# "Ciao" from Italy



## Bucaniere (Aug 27, 2008)

Hi everyone, I've found this wonderful board and I've passed few day and nights reading and reading...

Now it's time to start write something!

My name is Lorenzo, I'm writing from Tuscany, i sail trough the Med sea (Corse island, Elba and Ligurian sea). 

I'm a new owner of Super Maramu millennium, boat from 2004. I come from 3 years (2005/2008) of Beneteau Oceanis 423, and in April I and my father bring from Hyeres to Viareggio harbour our "Dream", s/v Red Passion. 
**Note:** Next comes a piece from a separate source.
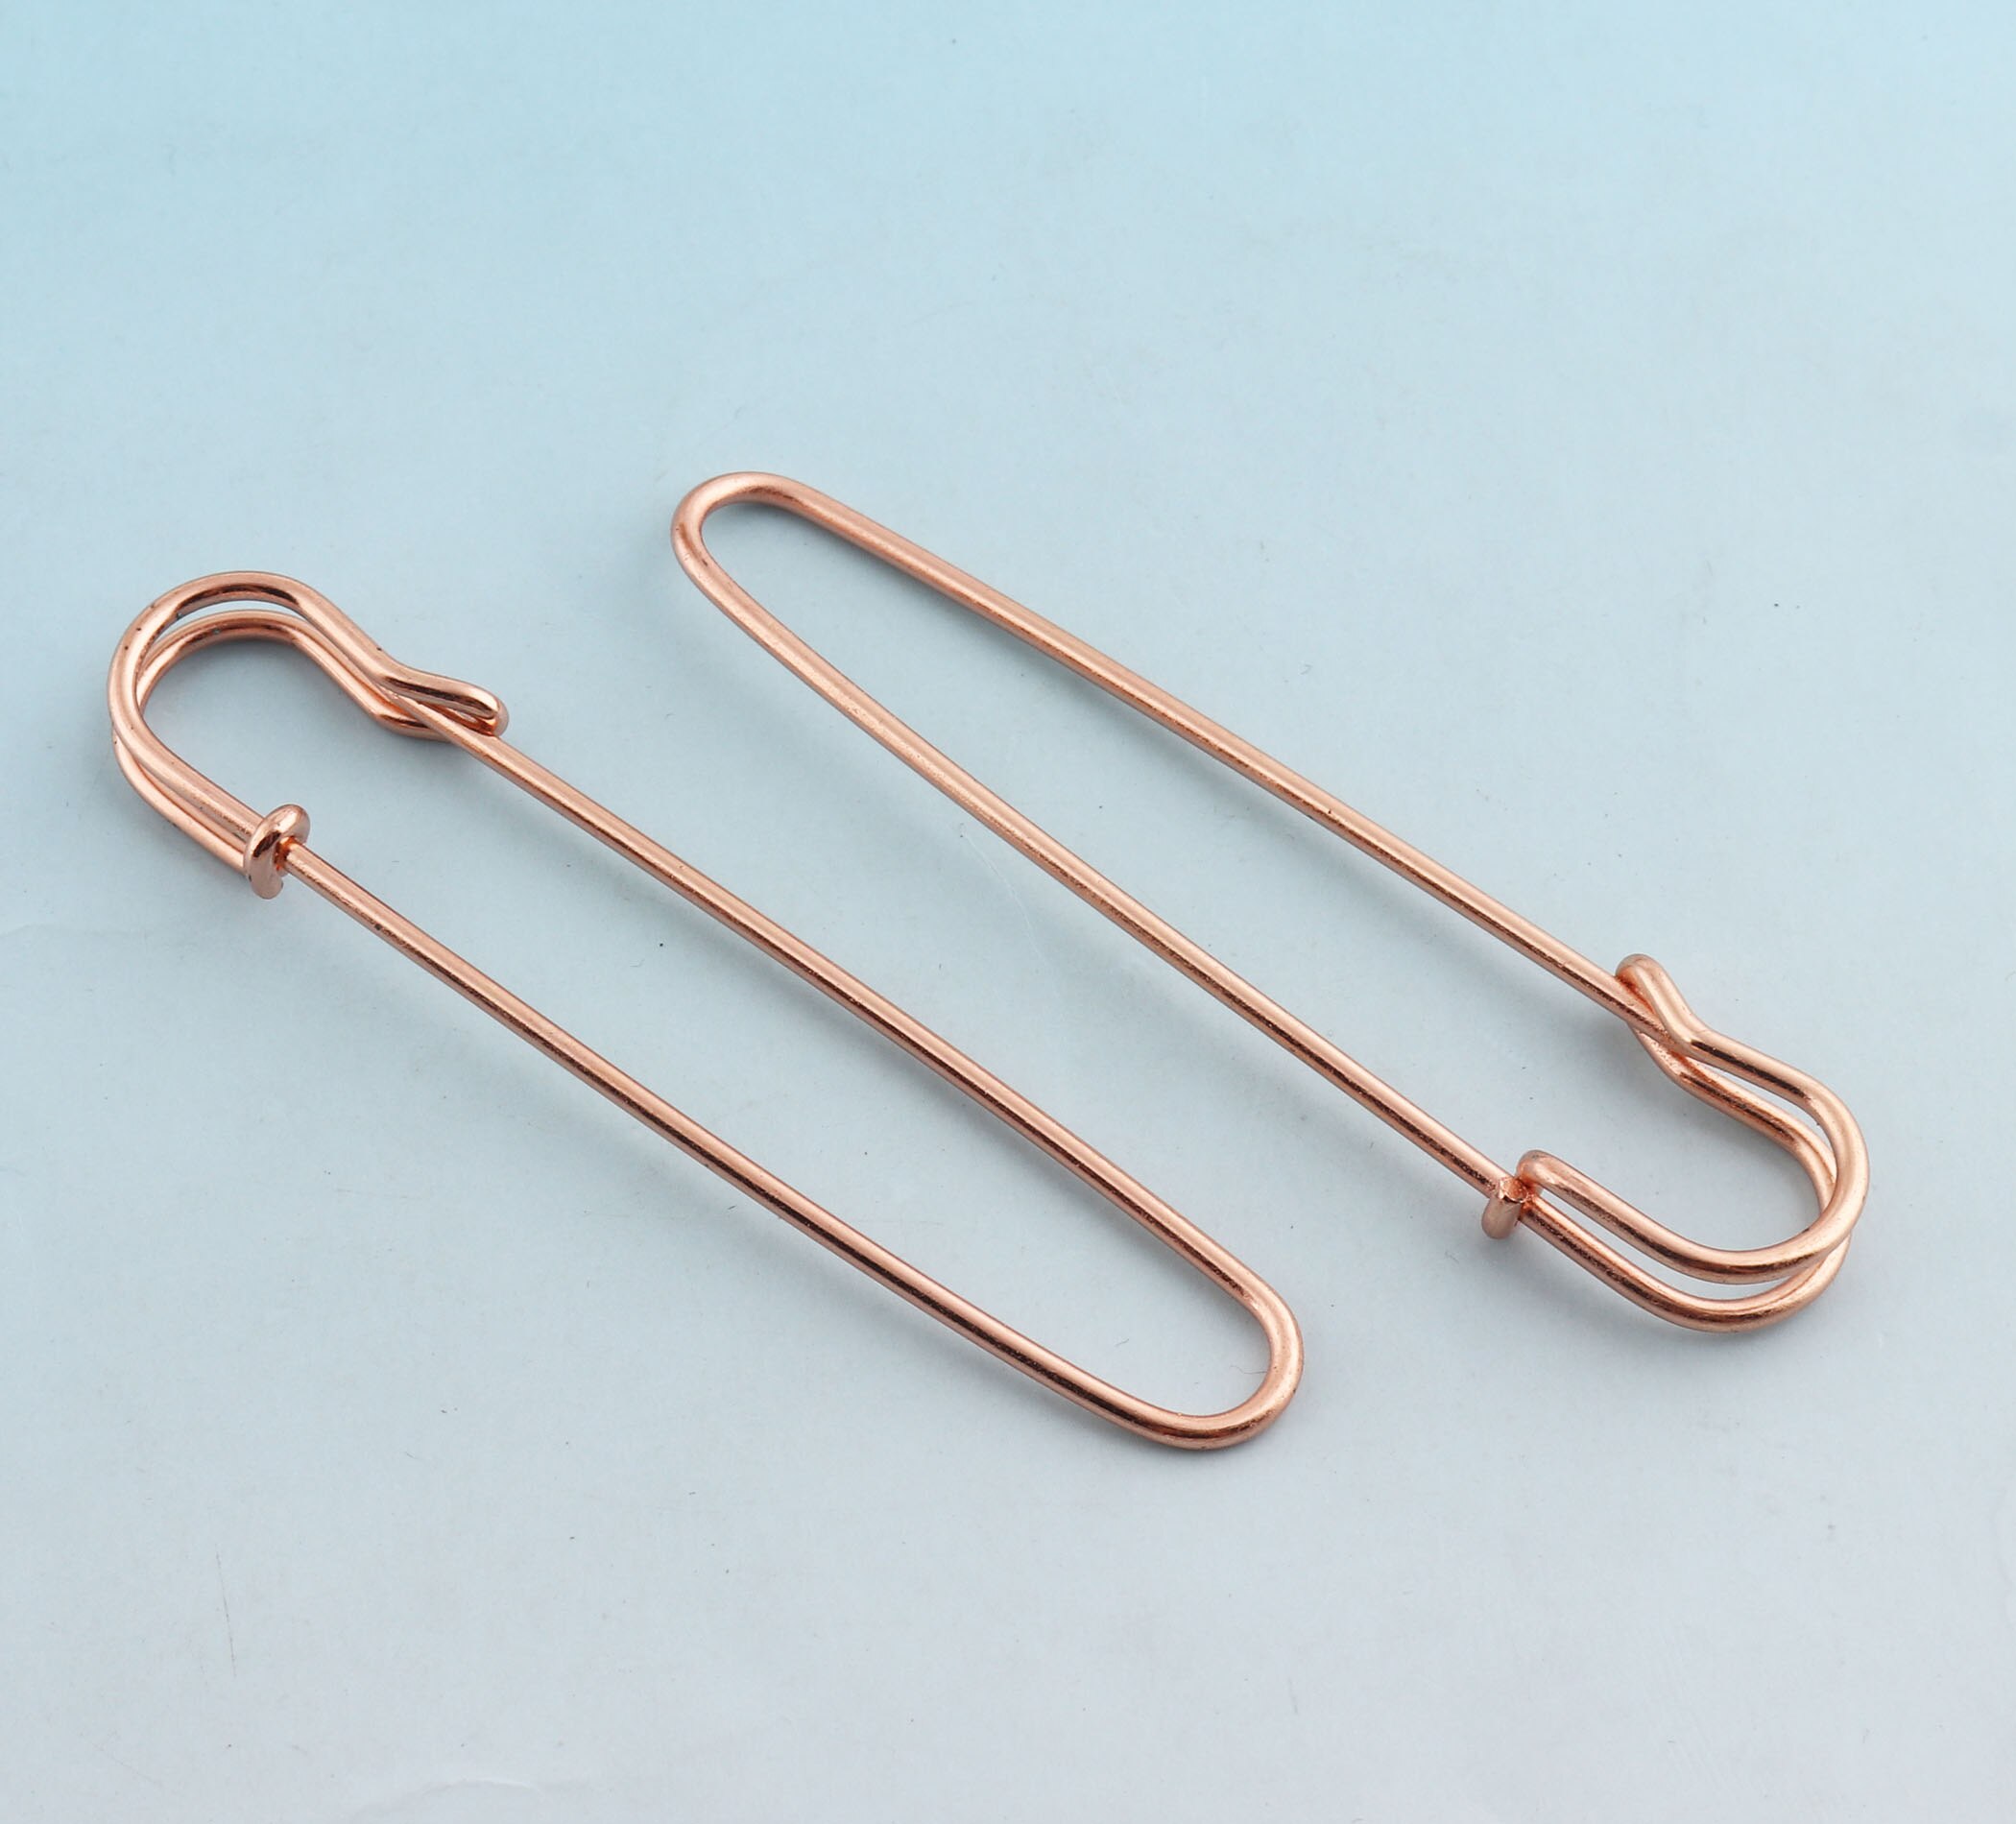 Jumbo sikkerhedsnåle 85mm store sikkerhedsnåle rose guld sikkerhedsnåle håndværksfund metalnåle broche sikkerhedsnåle diy syværktøj: Rose guld

I try to write in English but pls sorry for mistakes.

Fair winds, Lorenzo.


----------



## camaraderie (May 22, 2002)

Ciao Lorenzo and welcome aboard. Your Amel is a wonderful boat and I'm sure you know that! No worries about language...lots of us speak Italian...pizza, lasagna, cannoli etc.!


----------



## TSOJOURNER (Dec 16, 1999)

Lorenzo,
Welcome to Sailnet. We're glad to have a new member from your fine country.


----------



## Stillraining (Jan 11, 2008)

Welcome Aboard ...Ciao...I looked at a Super Maramu...decided I couldn't afford it..


----------



## CharlieCobra (May 23, 2006)

Super Maramu, nice boats, out of my range too. Welcome aboard.


----------